Question: I just got my first place. I like to cook and want to set my kitchen up right, but can’t afford much. What equipment should I get?
Whether you’re getting equipment and utensils for your very first kitchen or thinking of helping out a young adult in your family, deciding what to get and what not to get can be both frustrating and confusing.
We’d like to get the expensive stuff and make sure we have everything we could ever need. The reality is, however, that a well equipped home kitchen is something that happens over time, not at all once in the beginning. Most of us go through a few years of trial and error before we come up with a list of must-haves that we can afford and a practical list of what to get next.
Still, when I was when I was 18 and setting up my very first kitchen I would have killed for a list of basic equipment and cooking utensils to get on my meager budget. I ended up buying many of the wrong things and shed more than few tears over ruined meals, wasted food, and, yes, emergency room visits.
A few decades and several home economic students later and I have a pretty good idea of what kitchen equipment and utensils to recommend to others who are just starting out.
Starter kitchen equipment are things like mixing bowls, pots, pans, and pasta strainers, and can include small equipment like toasters, blenders, and electric egg beaters. Our first instinct might be to get the fancy sets marketed towards young adult cooks, but most of the time it’s less expensive and a lot less frustrating in then end to pick and choose your equipment piece by piece. You’ll get better quality for your money and will not be weighted down with things you don’t use while lamenting the absence of things you do.
So, what kitchen equipment should you get?

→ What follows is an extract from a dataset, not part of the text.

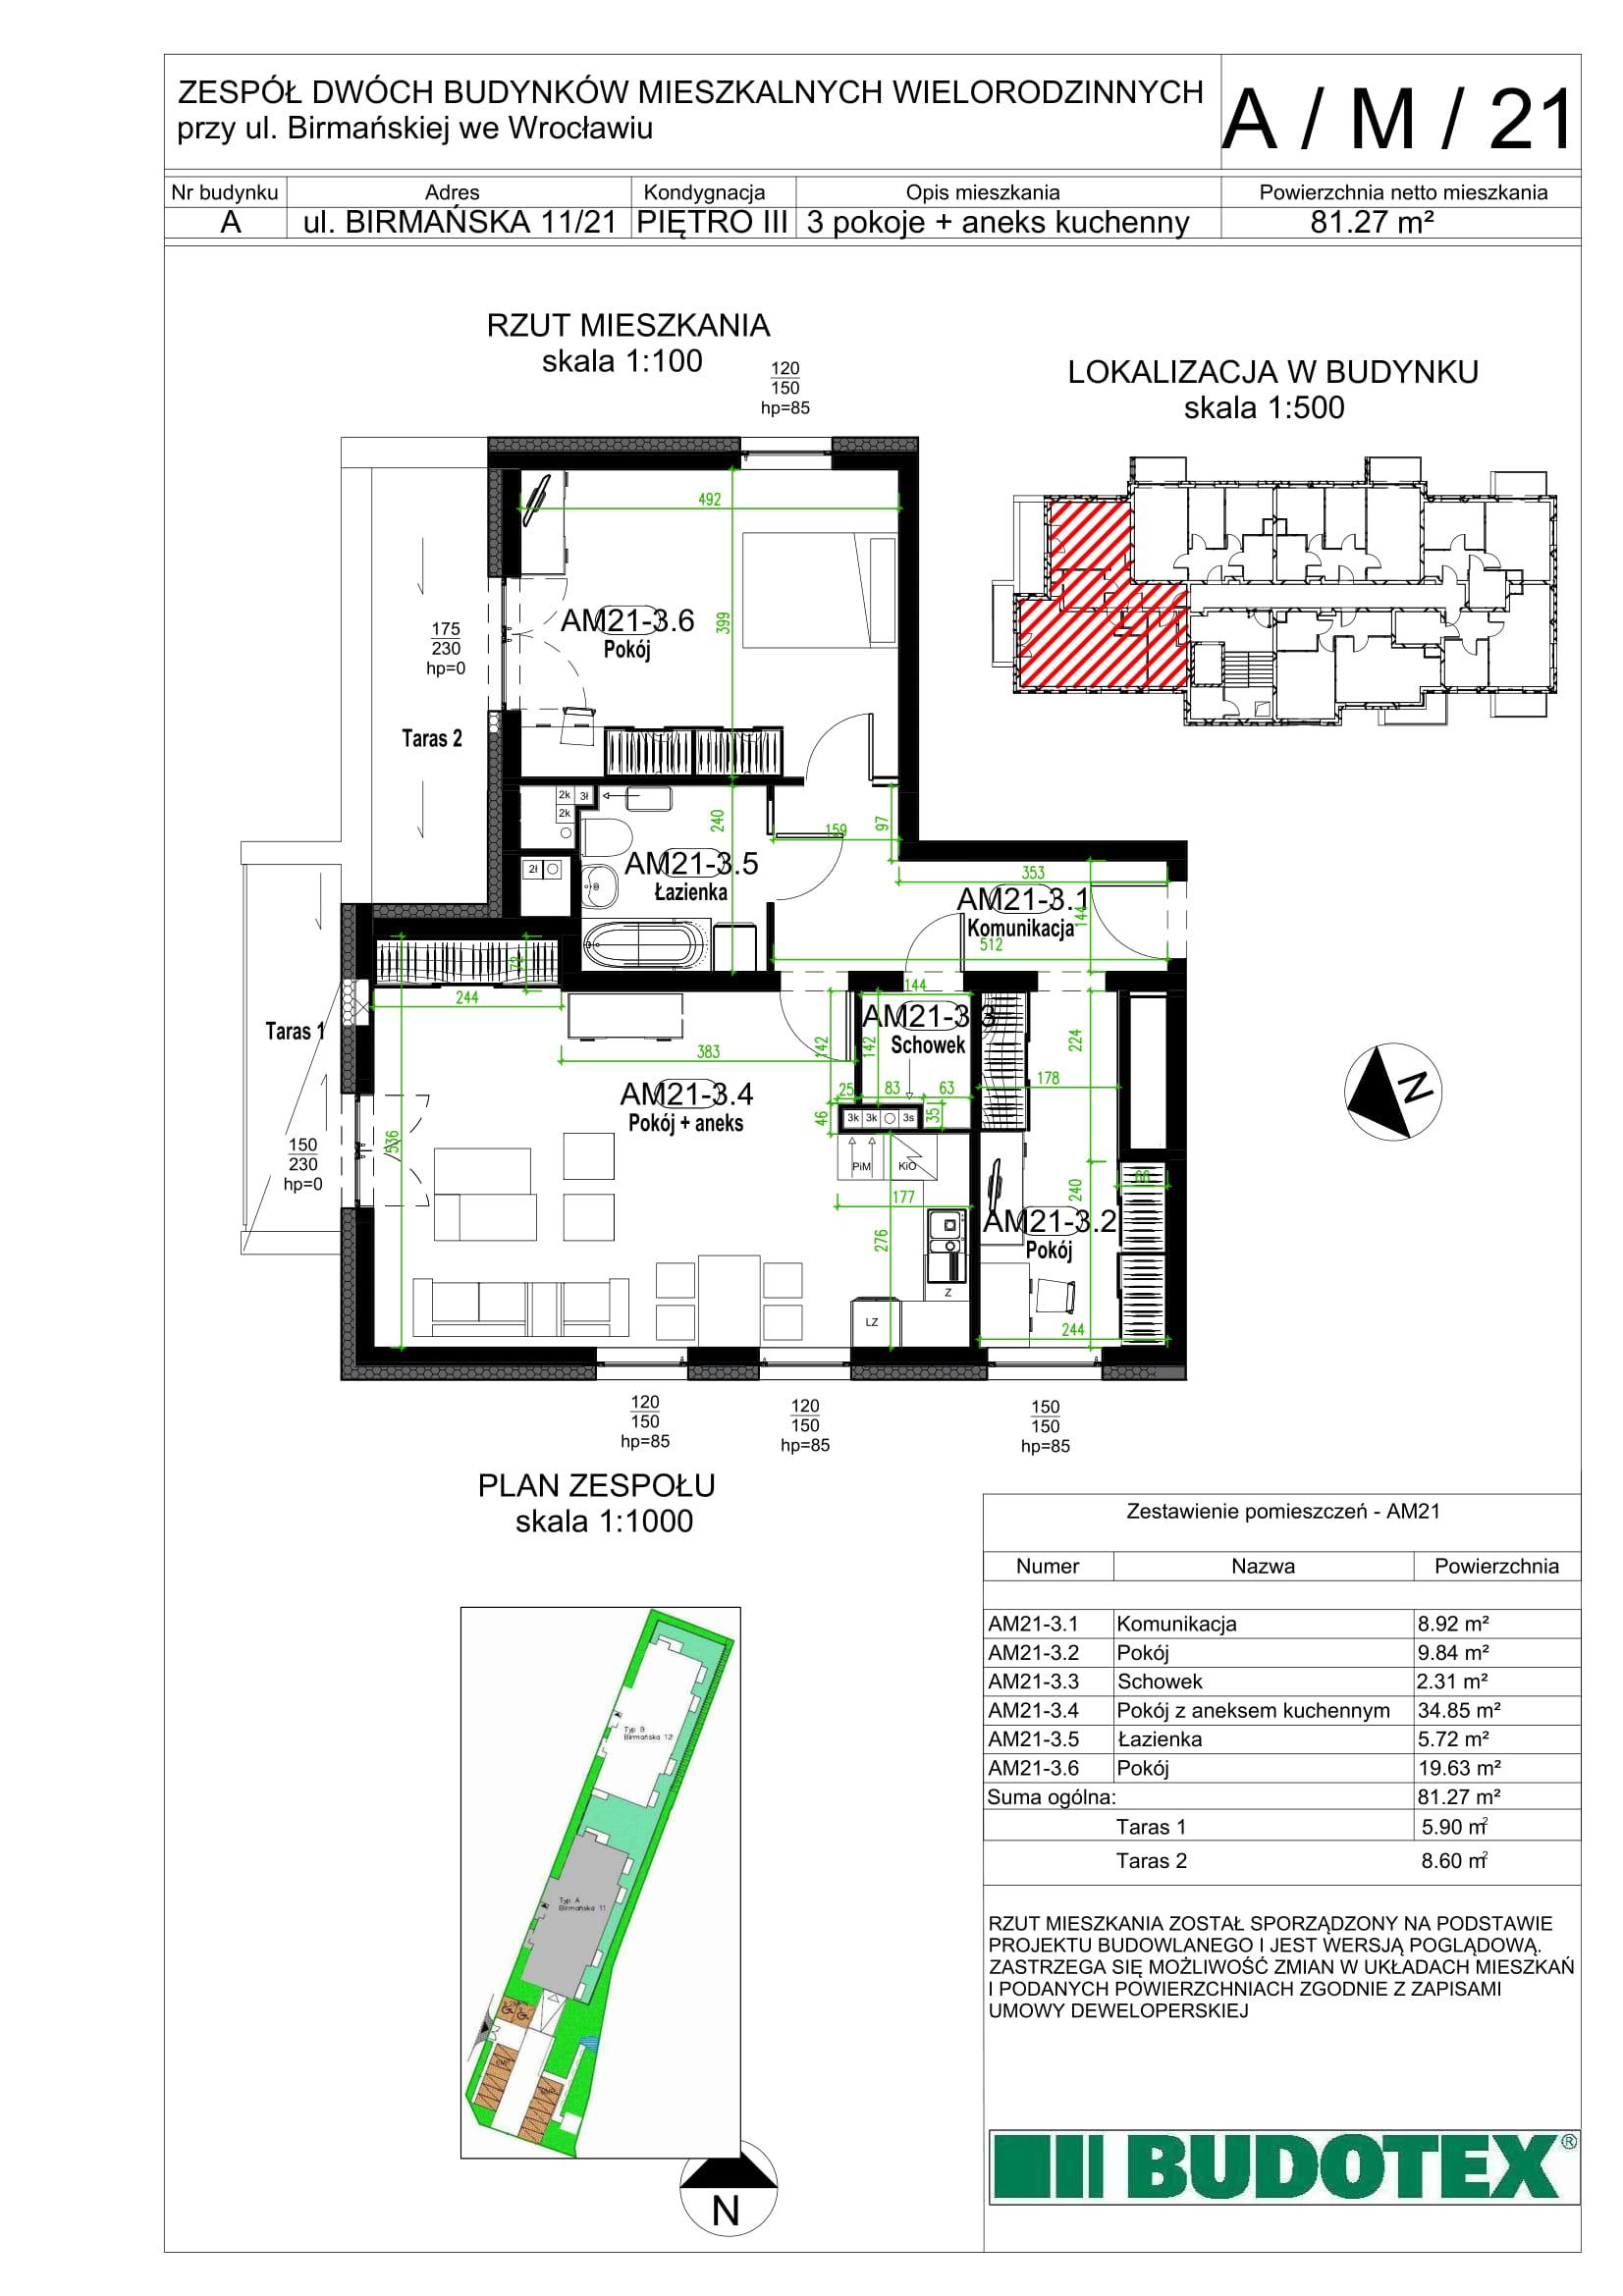 Mieszkanie nr A/M/21

Here’s a list that’s been compiled over time by many different cooks:
2 medium sized microwave safe plastic mixing bowls.
1 large pot with a lid
1 medium pot with a lid
1 large or medium frying pan with a lid
1 metal colander (pasta strainer)
1 steel or double-ply composite baking sheet with sides
1 8×8 or 9×9 deep dish baking pan
1 rolling pin
1 13×9 (or bigger) cutting board or mat
1 set of plastic measuring cups
1 set of plastic measuring spoons
1 4-cup liquid measuring cup (if possible)
1 large cooling rack
1 hand-held can opener
Next we want to look at kitchen utensils, which are things like mixing spoons, whisks, serving forks, knives, and tongs.
You can buy starter kits that will include most of the utensils you will need and not waste money on things you don’t need, like you would with a pots & pans kit. However, you will end up needing a few utensils that aren’t in those utensils kits. Most won’t come with a decent pair of tongs or a vegetable peeler. Cooks knives are another thing you don’t want to buy in utensils kits unless you can afford the really expensive ones. Knives are often hit or miss, but you can increase the odds of getting good quality kitchen knives by selecting them individually. Most people get the less expensive knife/utensils kits just to get the steak knives, but those can be bought in sets of 1-6 for less money than an entire kitchen utensils kit.
In this category there are three sub-categories:
Cook’s Knives (Utility Knives)
1 straight-edge wide-blade knife that can be re-sharpened
1 serrated-edged wide-blade knife
2 straight edged paring knives
Wooden spoons, a cheap set will do
Rubber head spatula
Wire whisk (a strong table fork is a good alternative)
ladle (doubles as a serving utensil)
4 hot pads (yes, four)
Serving & Eating Utensils
2 metal serving forks
2 large metal spoons
*1 place setting of spoons, forks, and tables knives for each person in the house
*1 mug for each person in the house
*1 tumbler (tall glass) for each person in the house
*1 dinner plate for each person in the house (microwavable is best when on a budget)
*1 bowl for each person in the house
* Plus two of each of these things for visitors.
Small kitchen appliances are things like toasters and coffee makers. The requirement for these can vary widely based on the kinds of foods you like to eat and plan on cooking. The three most commonly used small appliances, however, are:
Hand-held cup blender/mixer
Some of you out there are asking, “What about a blender?” To that, I must ask how often do you actually use your blender? Some people will still find these to be essential small kitchen appliances, and that’s fine. Many people, however, find themselves using their hand-held cup mixer more often to achieve the same results. I cook for 5 on a daily basis, have been expected to cook for as many as 200 on short notice often enough that I actually plan for it to happen at any given moment, test every single recipe I publish in my own kitchen, and yet, I do not own a blender. Granted, I used to, and would like to get another one simply so I can test recipes that specifically require a real stand-blender. But to be honest, I haven’t found the need for this specific piece of equipment in 10 years.
So there you go! As far as kitchen equipment and utensils that’s about all you’ll need to get a good roaring start. It’s still a pretty long list though. If you can’t afford all of that at once start with your mixing bowls, pots, pan, mugs, wooden spoons, and table settings and work on it from there. If you can, budget to get the rest of the equipment and utensils over no more than a 3 month period of time or suggest them to friends and relatives as house-warming gift ideas.
Another good idea is to use this list as guide for what to ask for on a gift registry.
May your kitchen be filled with happiness and smell like your favorite eatery!